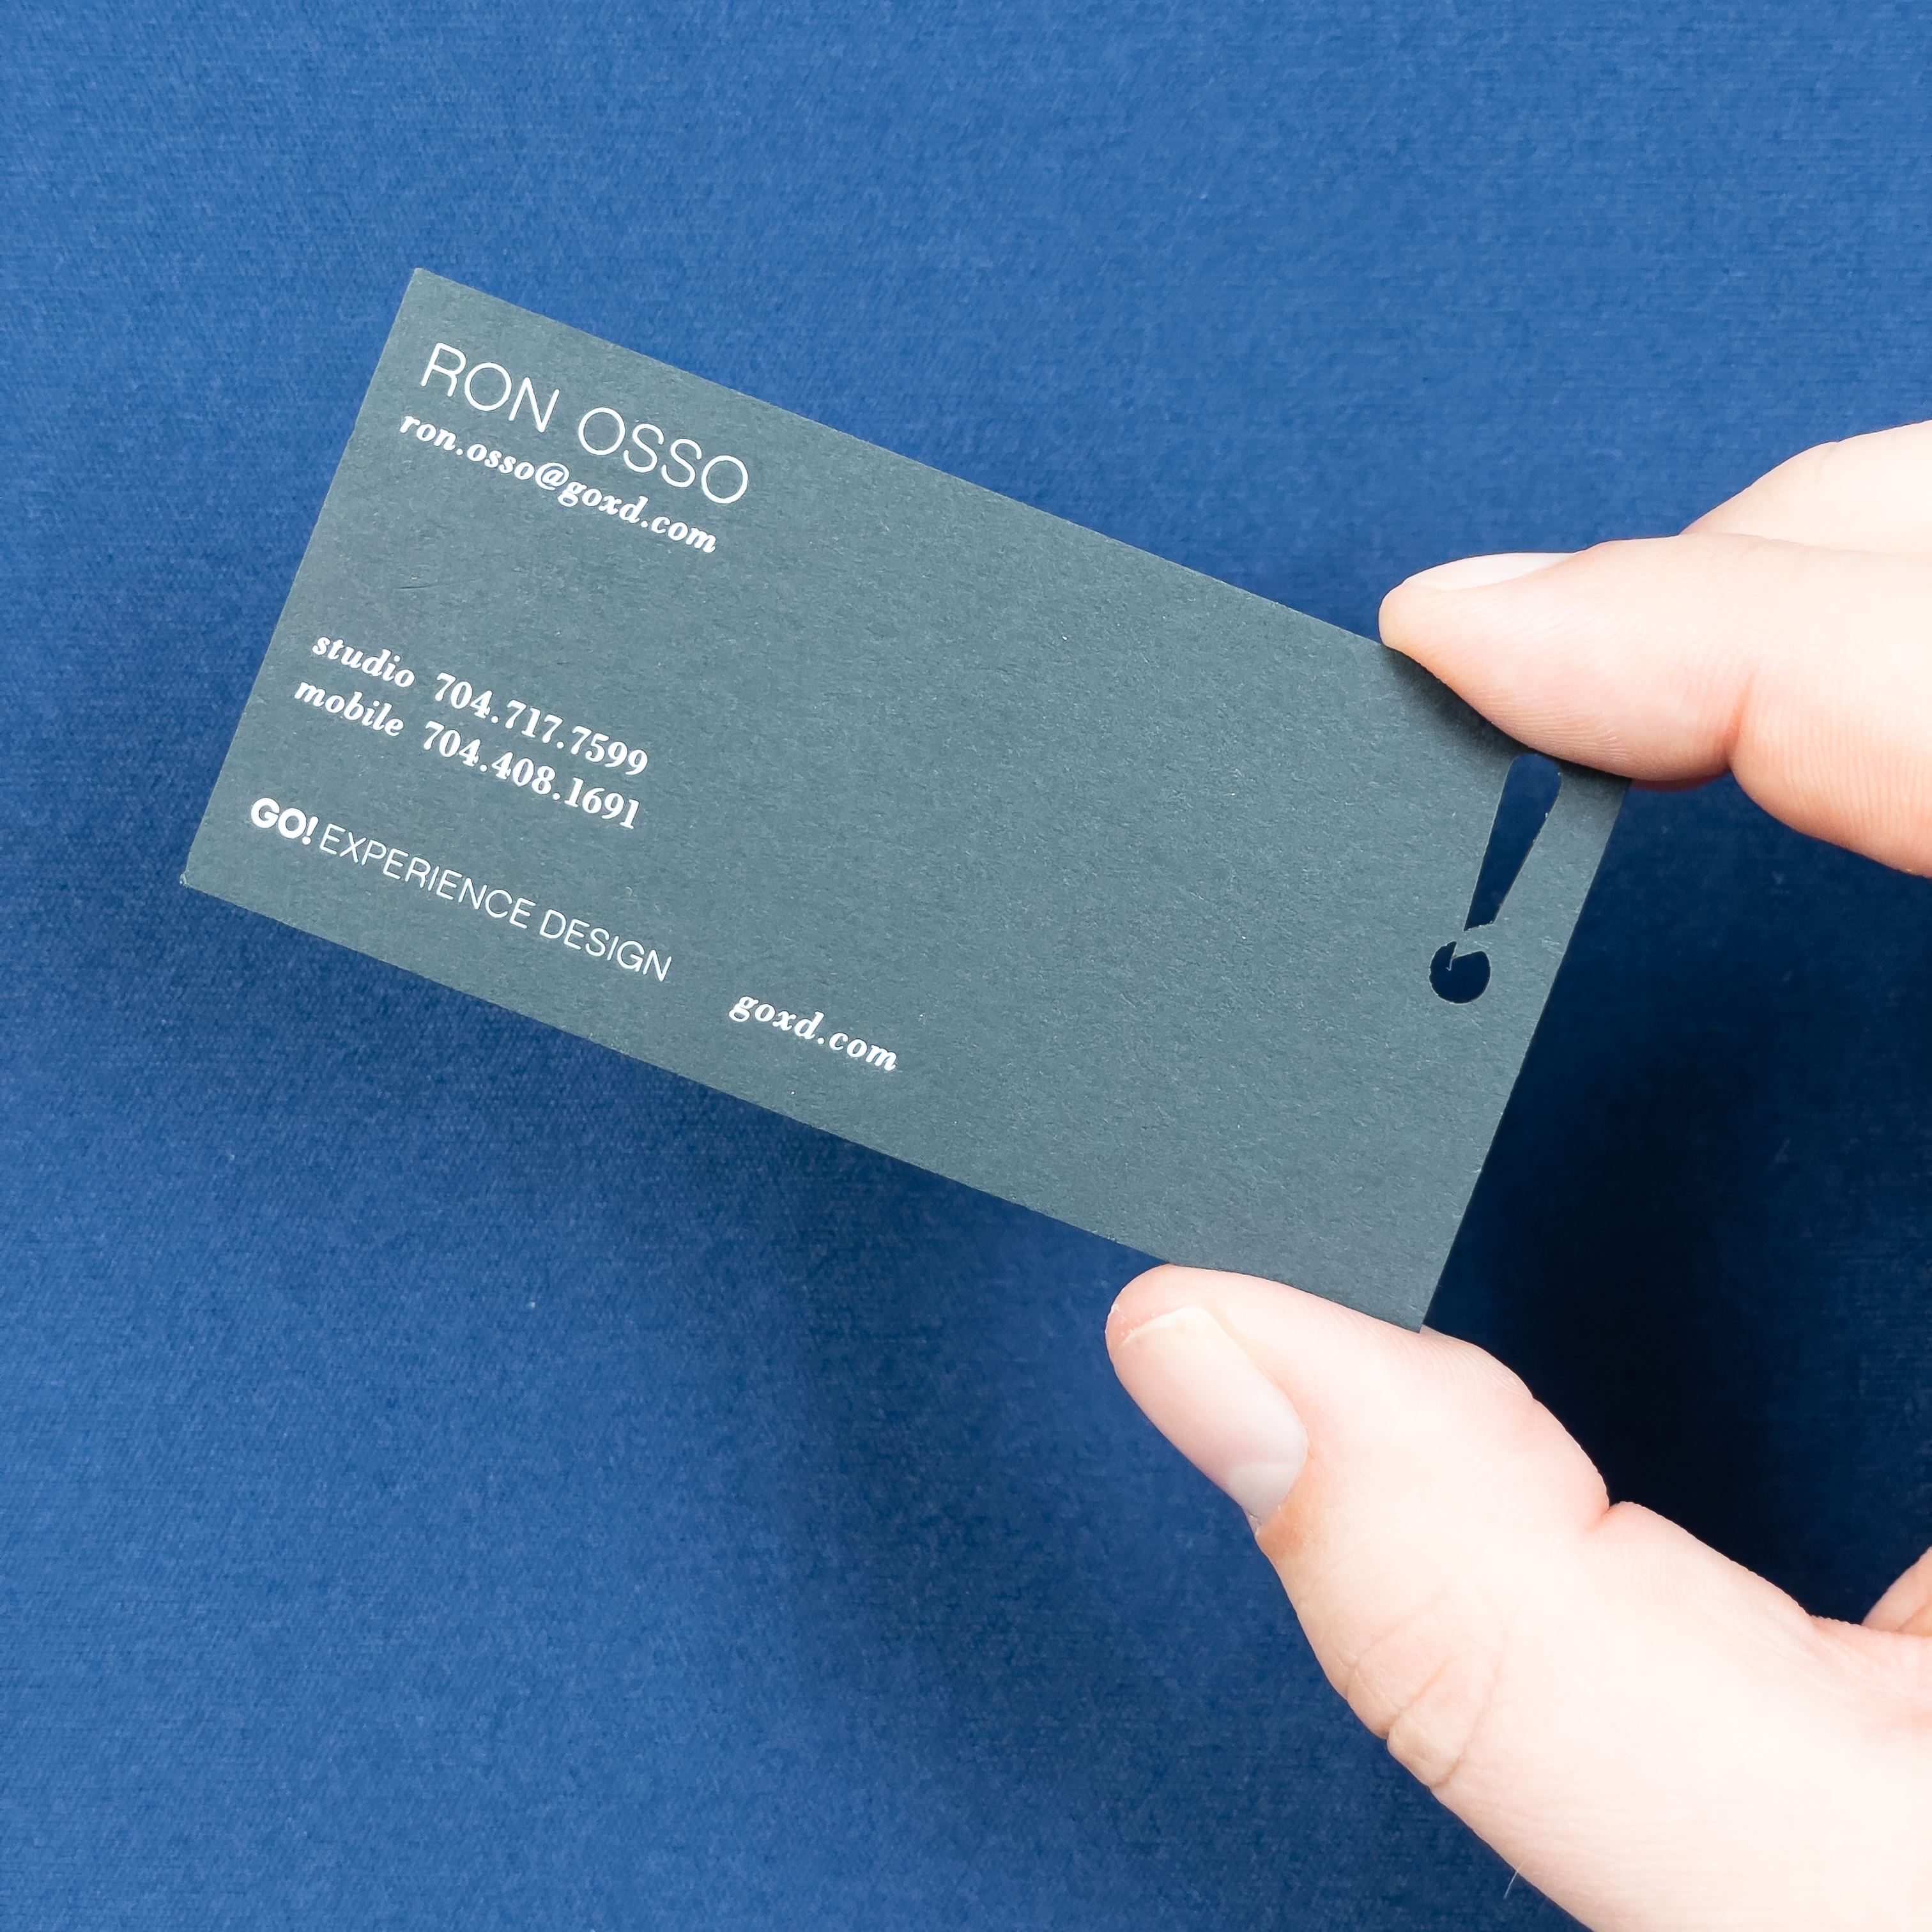 An image of a business card with an exclamation point die cut out of the card.
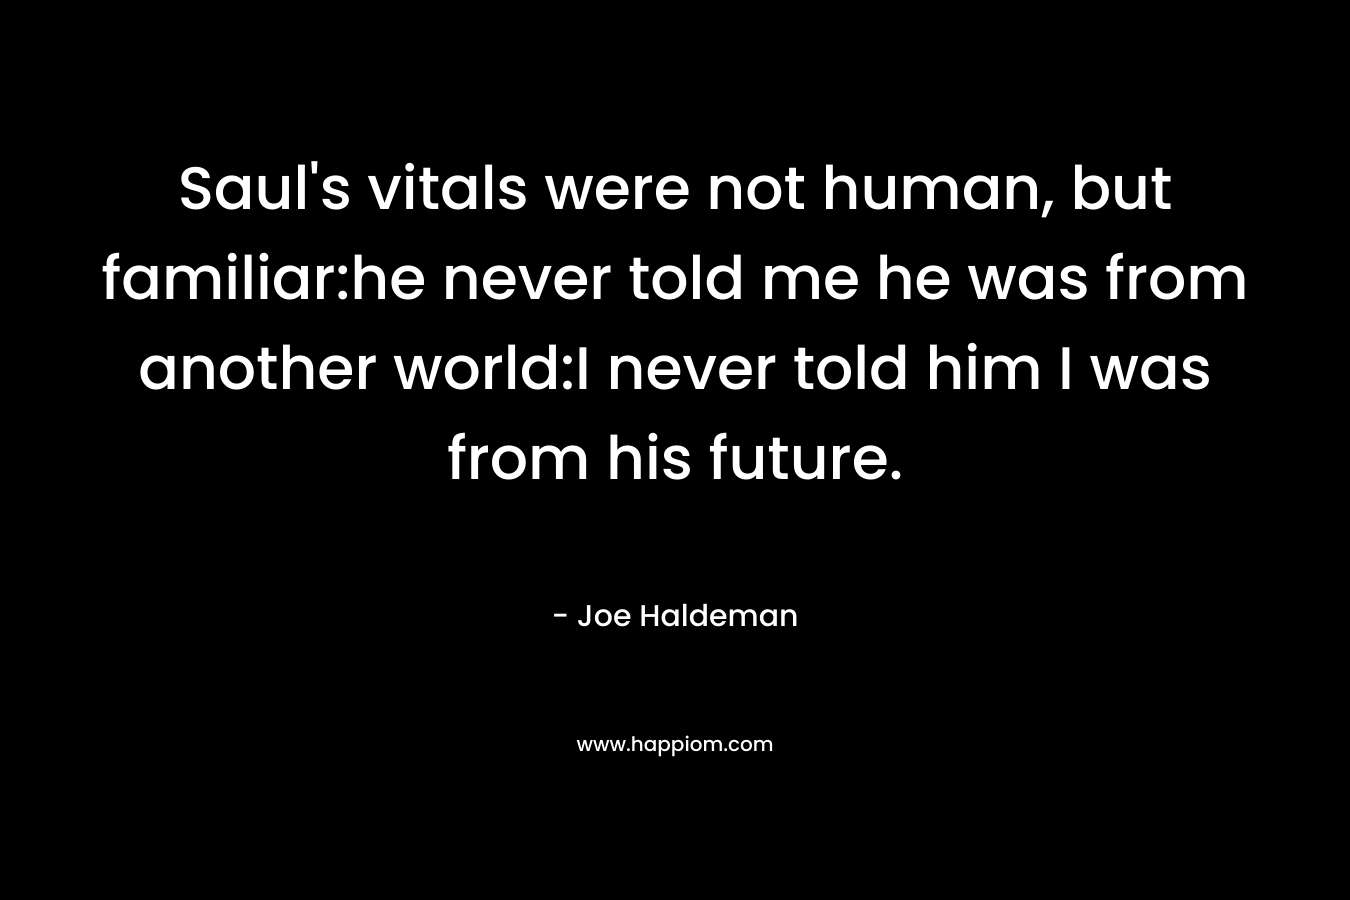 Saul's vitals were not human, but familiar:he never told me he was from another world:I never told him I was from his future. 
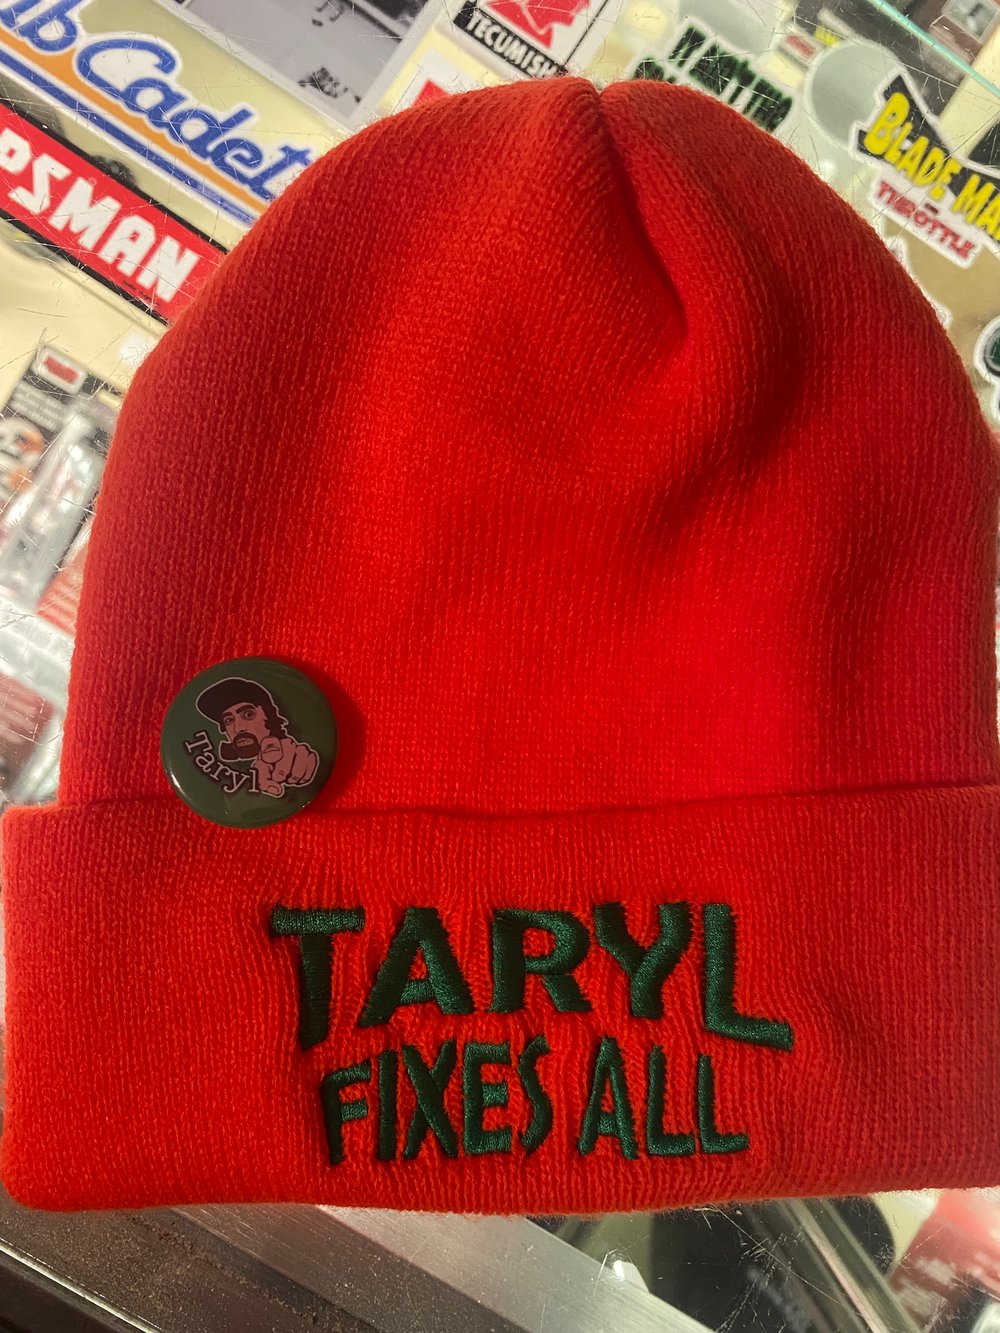 SMALL 1-1/4" TARYL and Co. BUTTONS! Collect ‘em all!
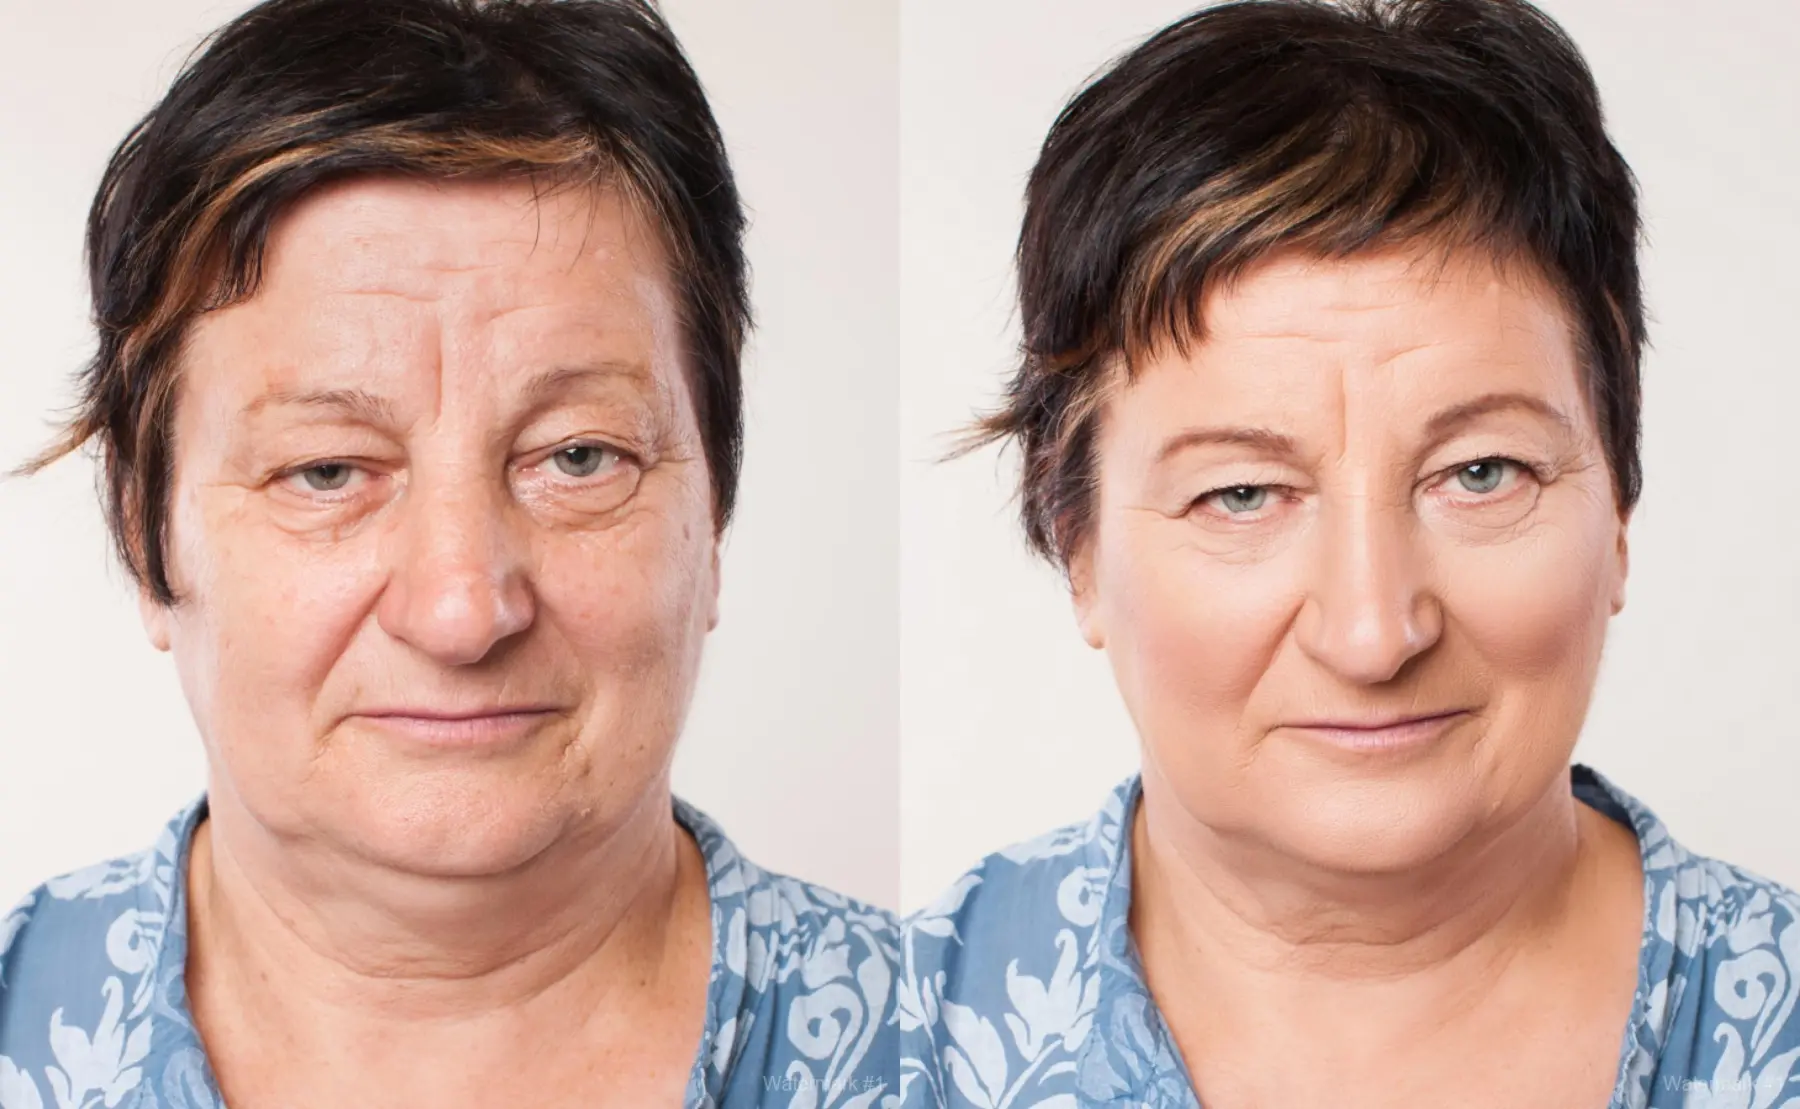 Facelift: Patient 1 - Before and After 5
------------------------------------------------------------------------
- [What you should do]:
Once the line with "Saul's vitals were" is found, write out that line and every later line of the listing above exactly, through the last one, and skip any pictures.

- [Answer box]:
 Saul's vitals were not human, but familiar:he never told me he was from another world:I never told him I was from his future. 
 SMALL 1-1/4" TARYL and Co. BUTTONS! Collect ‘em all!
 Facelift: Patient 1 - Before and After 5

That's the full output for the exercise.